Just want to chime in with the little I actually know. My main source of information is a patient with hypokalemic periodic paralysis (caused by low potassium levels) I have known for many years. For a long time I didn't realize his problems were caused by that because he didn't get an accurate diagnosis until 2010. Unfortunately, there are multiple types of low potassium channelopathies, and even some which involve hyperkalemic periodic paralysis (too much potassium).
If that were not enough there are many possible types of potassium channels. Some are voltage-gated (though you won't be able to measure the voltage with a common volt meter), some are controlled by ligands which may be neurotransmitters, some even involve
calcium channels controlling potassium channels. There are even the
G protein-coupled inwardly-rectifying potassium channels which allow potassium ions in, when gated by the G-protein receptor, but will not allow them out. The ion pores themselves are often fairly simple, like some kind of valve, but the control mechanisms are not. Recognizing neurotransmitter molecules is more complicated than recognizing particular ions, and recognizing proteins is an order of magnitude harder. A lot can go wrong.

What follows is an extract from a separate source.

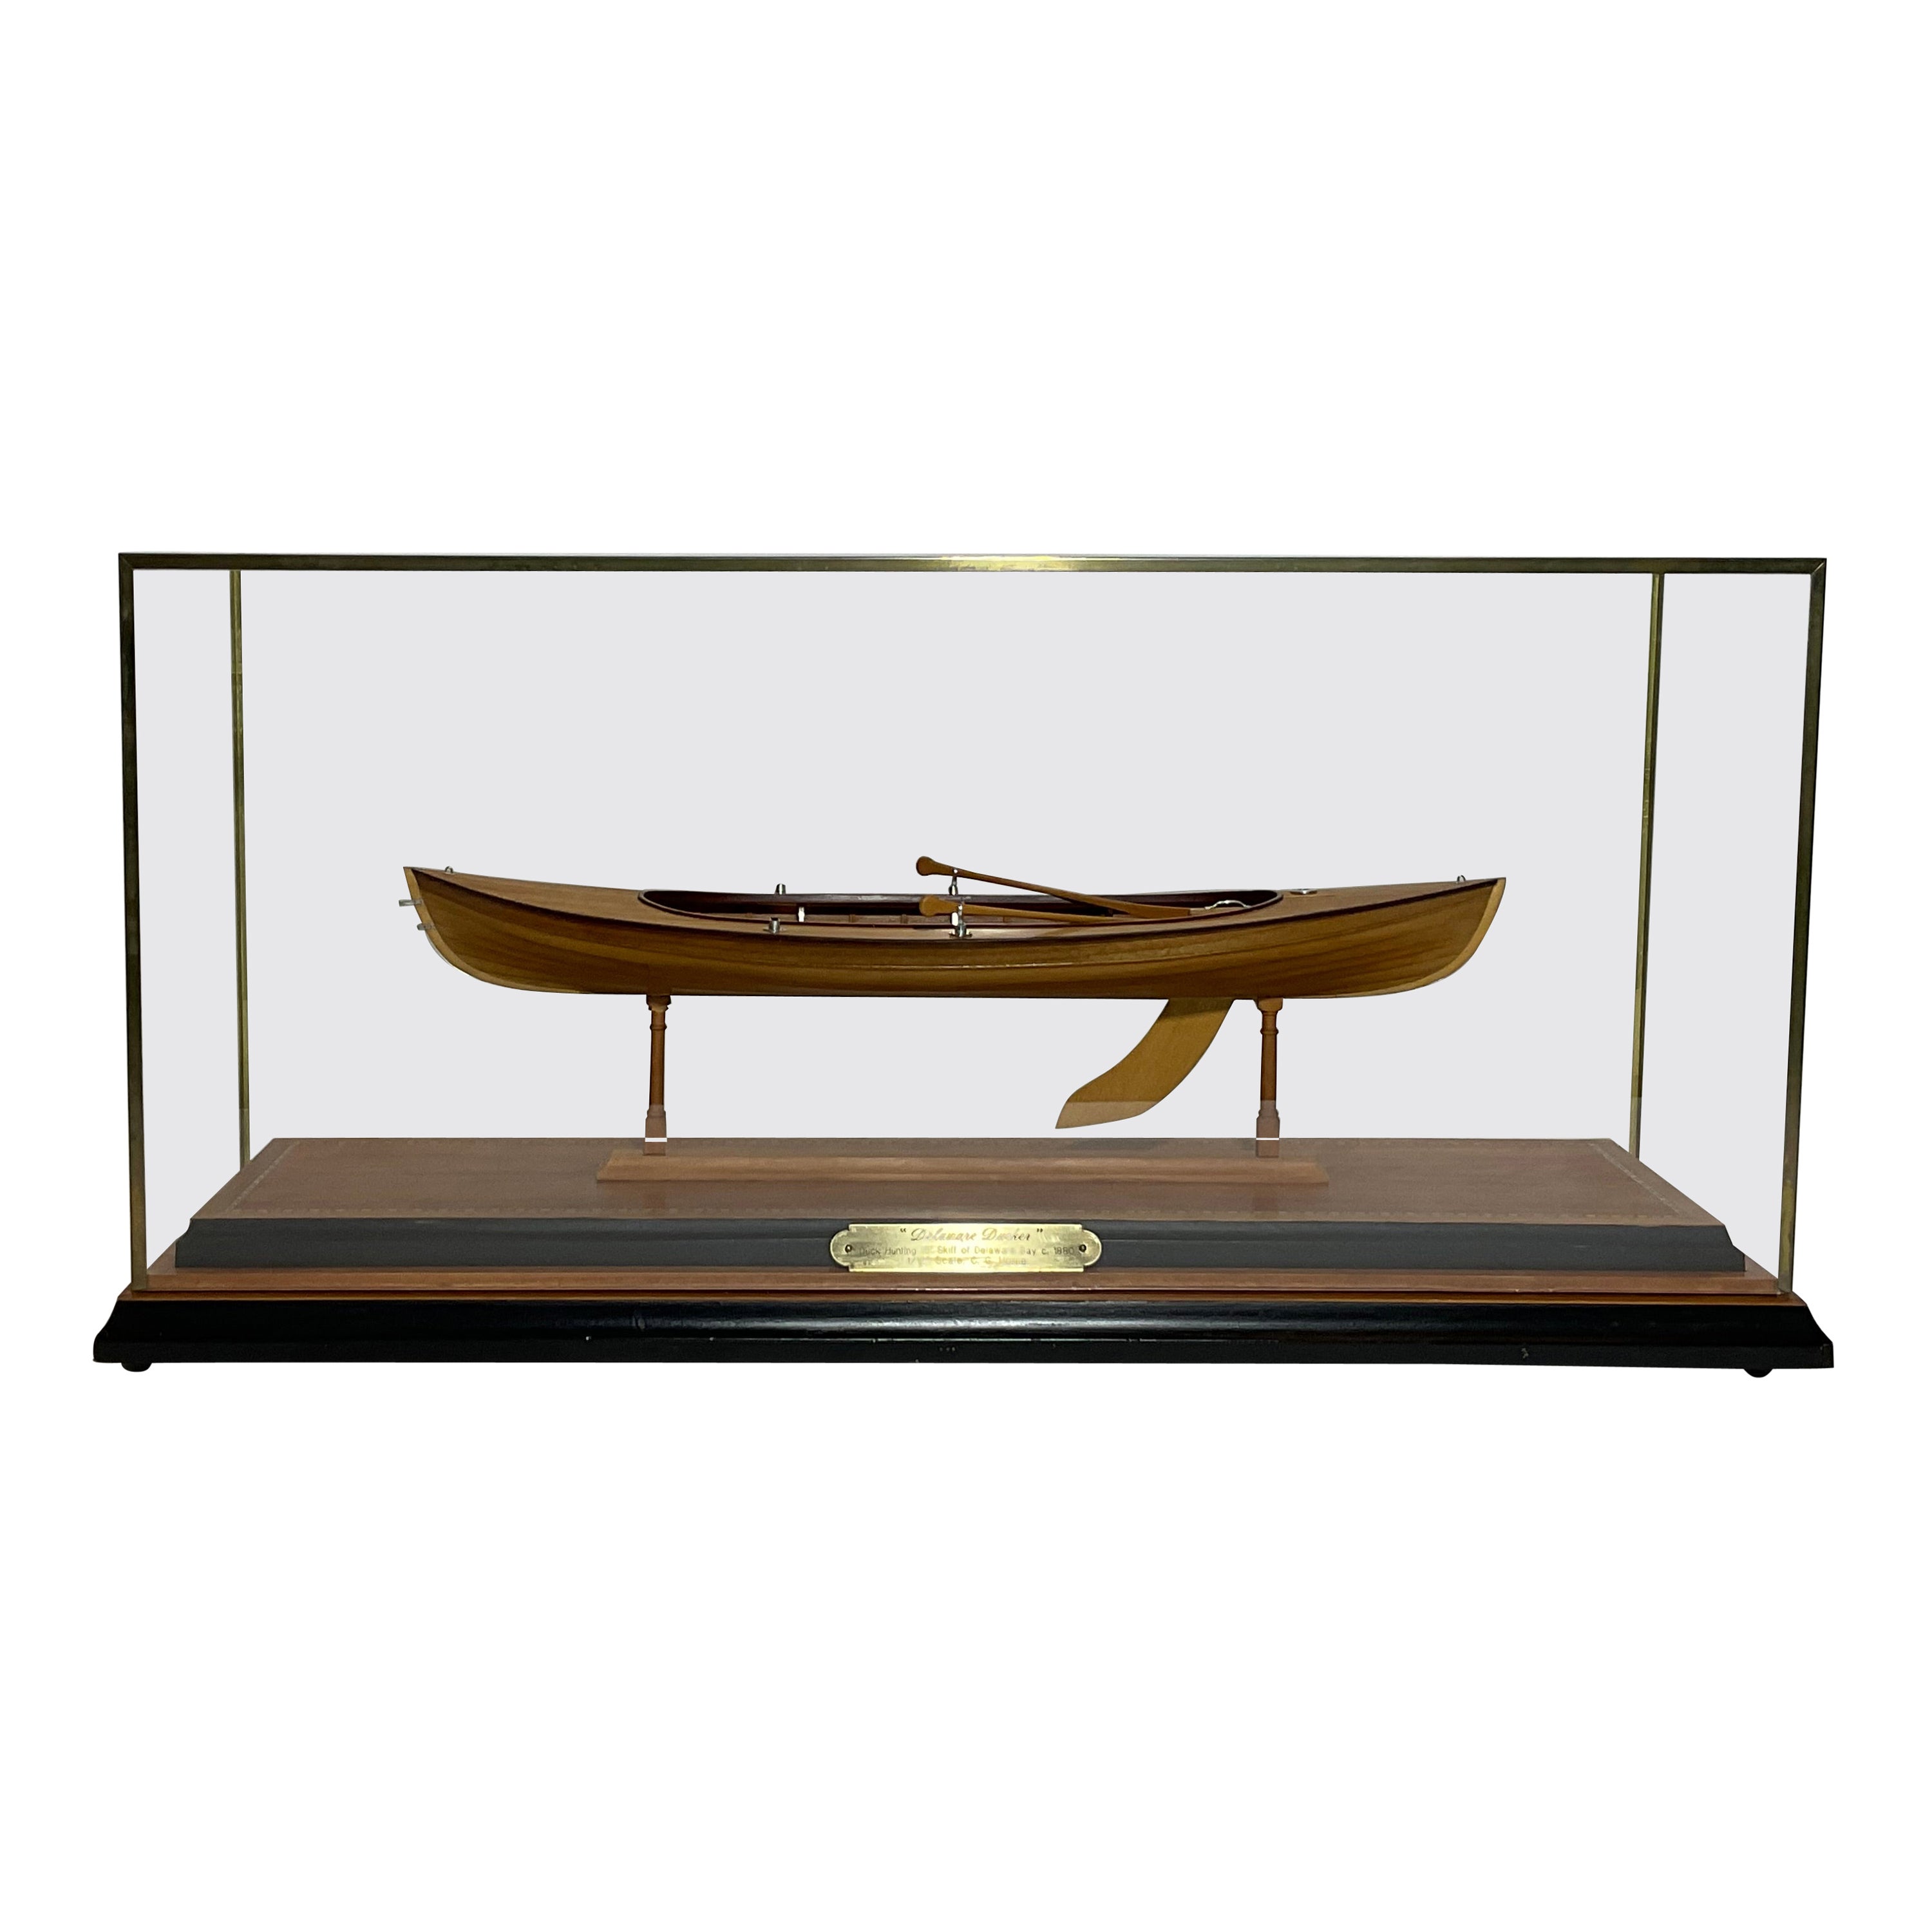 Delaware Ducker Planked Model in Case For Sale

In the problem Gingergrrl experiences the ion channel antibody which has been found interferes with a calcium channel inside a neuron on the pre-synaptic side of a neuromuscular junction. Does calcium cross the synapse? No, the neurotransmitter acetylcholine carries the impulse to the post-synaptic side. If she had antibodies to that receptor, she would have a different neuromuscular disease called
myasthenia gravis. There are then other ion channels inside muscle fibers needed for their operation. Signalling involves ATP as well as potassium and sodium ions. (While we tend to think of ATP and other purines as a kind of molecular fuel for cell metabolism, nature thinks nothing of also using them for signalling. Very little in biology has only a single purpose.)
Ion channels of a single type don't operate alone. Nerves, for example, require pumping sodium and potassium ions in opposite directions before they can fire. When they fire, these ions race back to the other side of the membrane. This happens over and over again, typically many times a second.
When you consider the multiplicity of types, and the many ways they are linked together in cascades to control metabolic processes, you almost wonder if they were designed by Rube Goldberg (or Heath Robinson). Why use calcium ions to cause vesicles containing acetylcholine to fuse with cell membranes and release their contents when these molecules will be picked up a short distance away, and then used to generate another ionic signal which will cause a muscle to contract, if the signal arriving at the presynaptic side was already electrical/ionic and depended on different ions?
One big problem with standard medical thinking is that we prefer linear chains of causation, but all of these mechanisms involve feedback processes, making causation circular. This can mean that an attempt to move things in one direction can do precisely the opposite.
I wish patients with these problems could skip ahead a decade or two to a time when this has been worked out, and proven treatments are available. At present many patients and doctors are involved in fairly random trial and error.